■ The data:
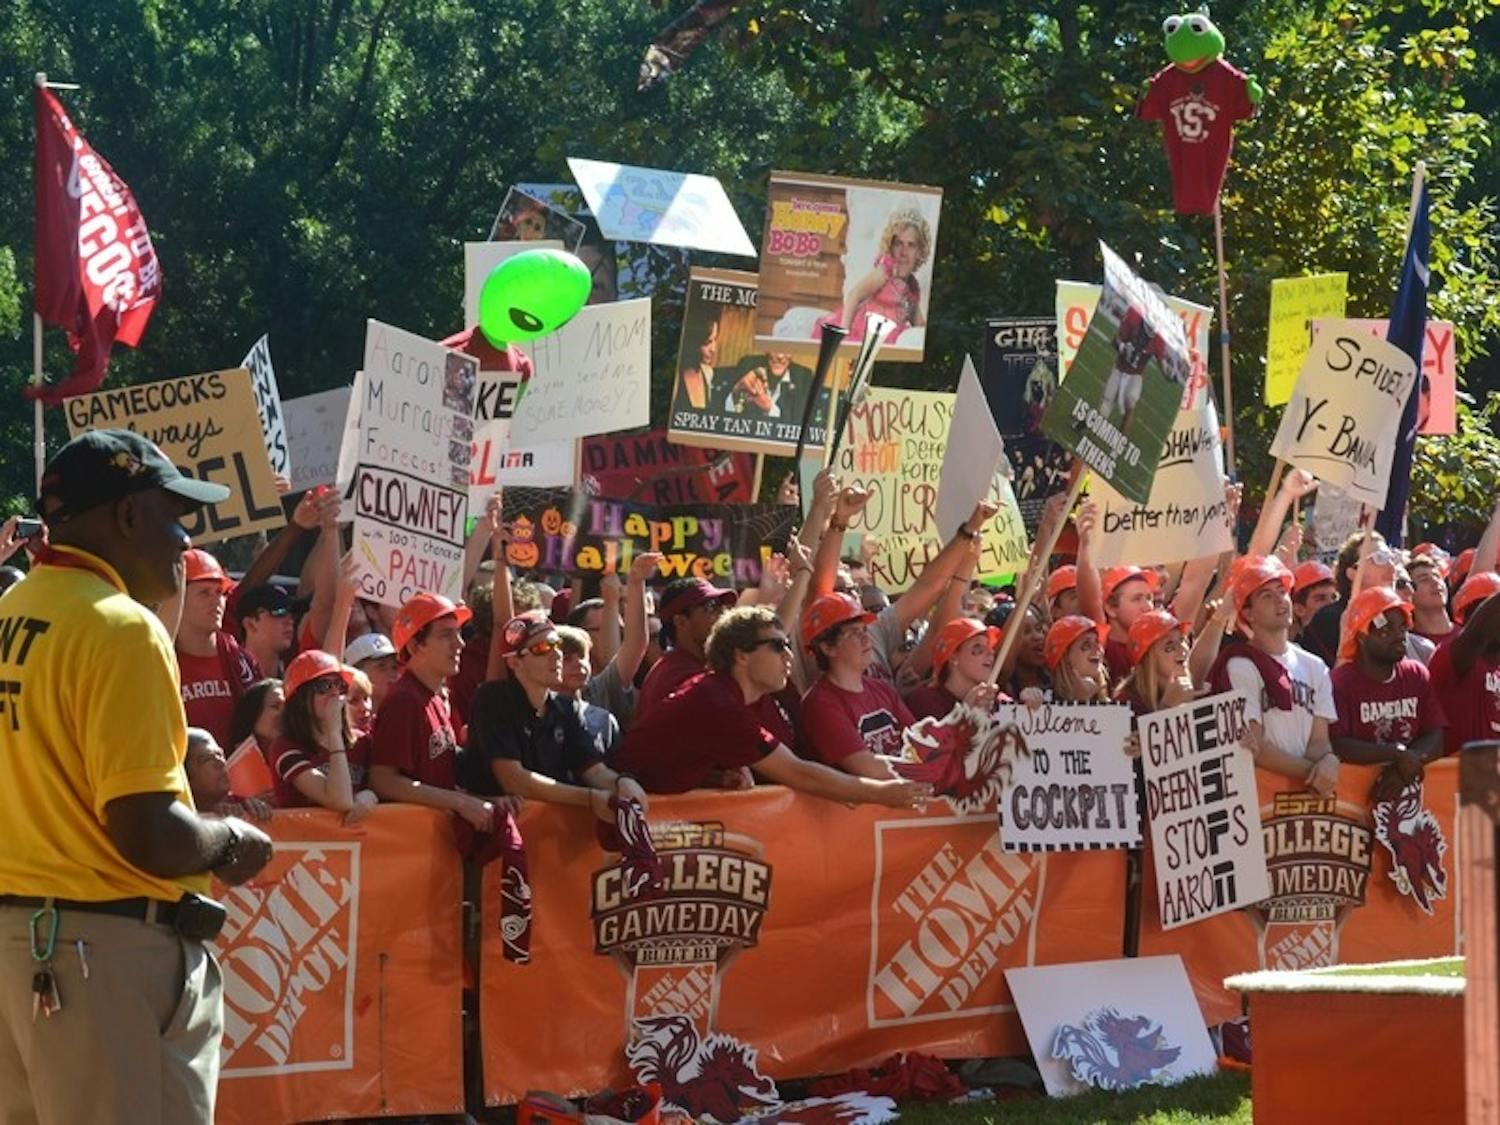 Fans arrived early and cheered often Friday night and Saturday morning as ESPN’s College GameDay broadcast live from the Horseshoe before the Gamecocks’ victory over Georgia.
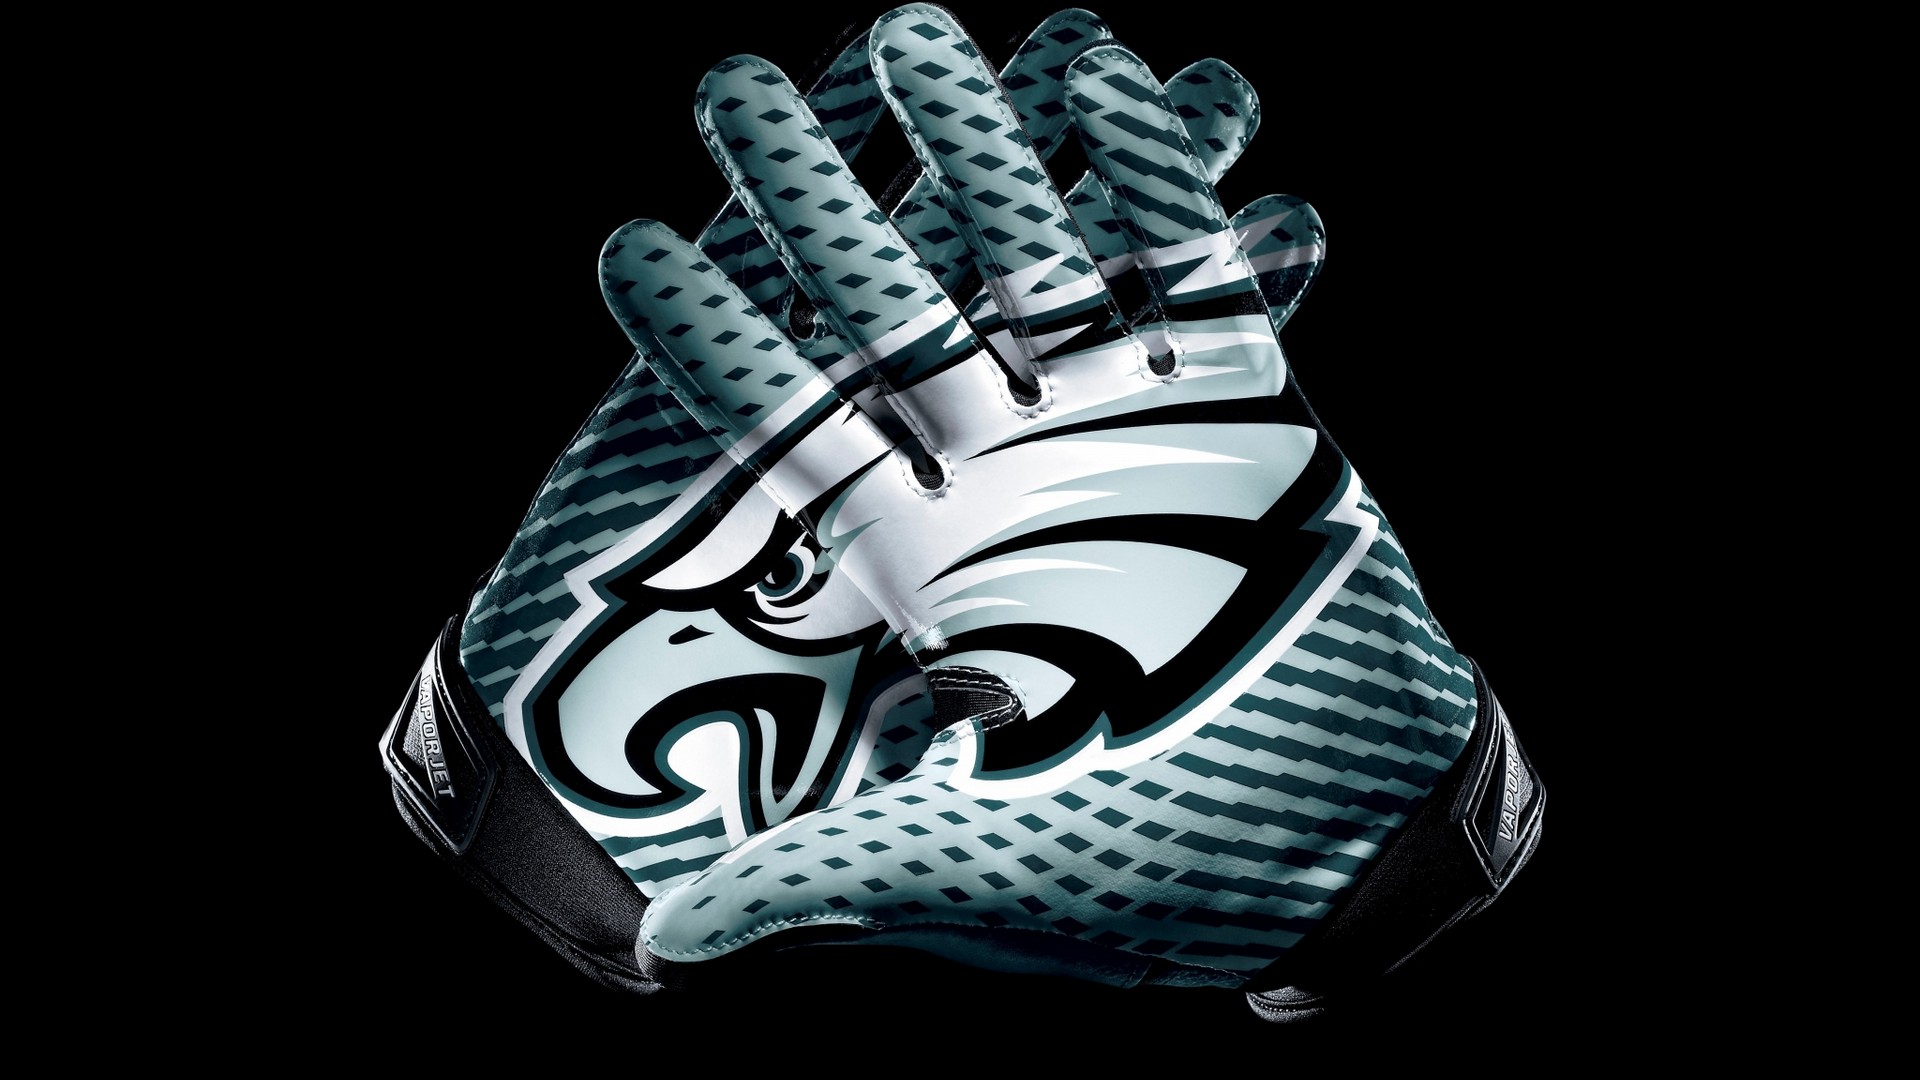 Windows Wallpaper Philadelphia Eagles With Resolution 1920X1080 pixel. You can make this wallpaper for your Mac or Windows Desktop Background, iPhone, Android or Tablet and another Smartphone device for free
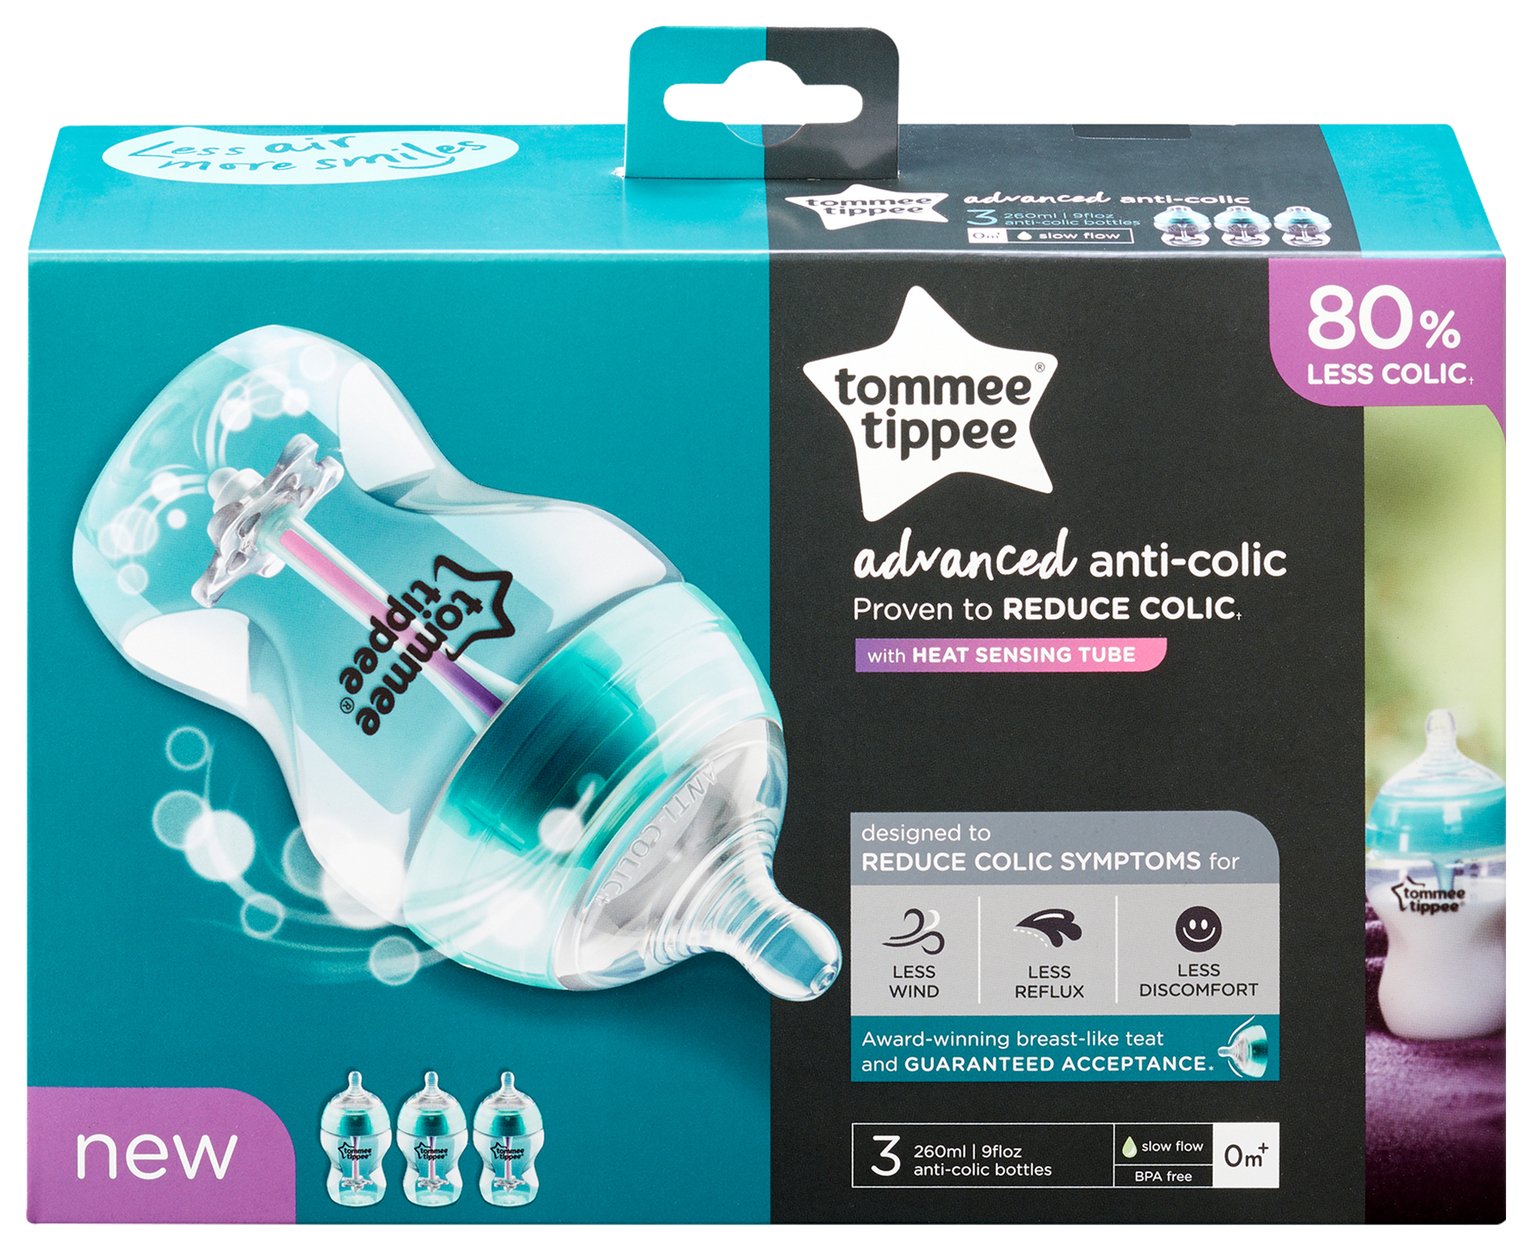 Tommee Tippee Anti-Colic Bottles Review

■ Work to complete: Exactly as written, restate the lines from the one that contains "Windows Wallpaper Philadelphia" through the final line of the data, both ends included, but leave out the pictures.

■ Response:
 Windows Wallpaper Philadelphia Eagles With Resolution 1920X1080 pixel. You can make this wallpaper for your Mac or Windows Desktop Background, iPhone, Android or Tablet and another Smartphone device for free
 Tommee Tippee Anti-Colic Bottles Review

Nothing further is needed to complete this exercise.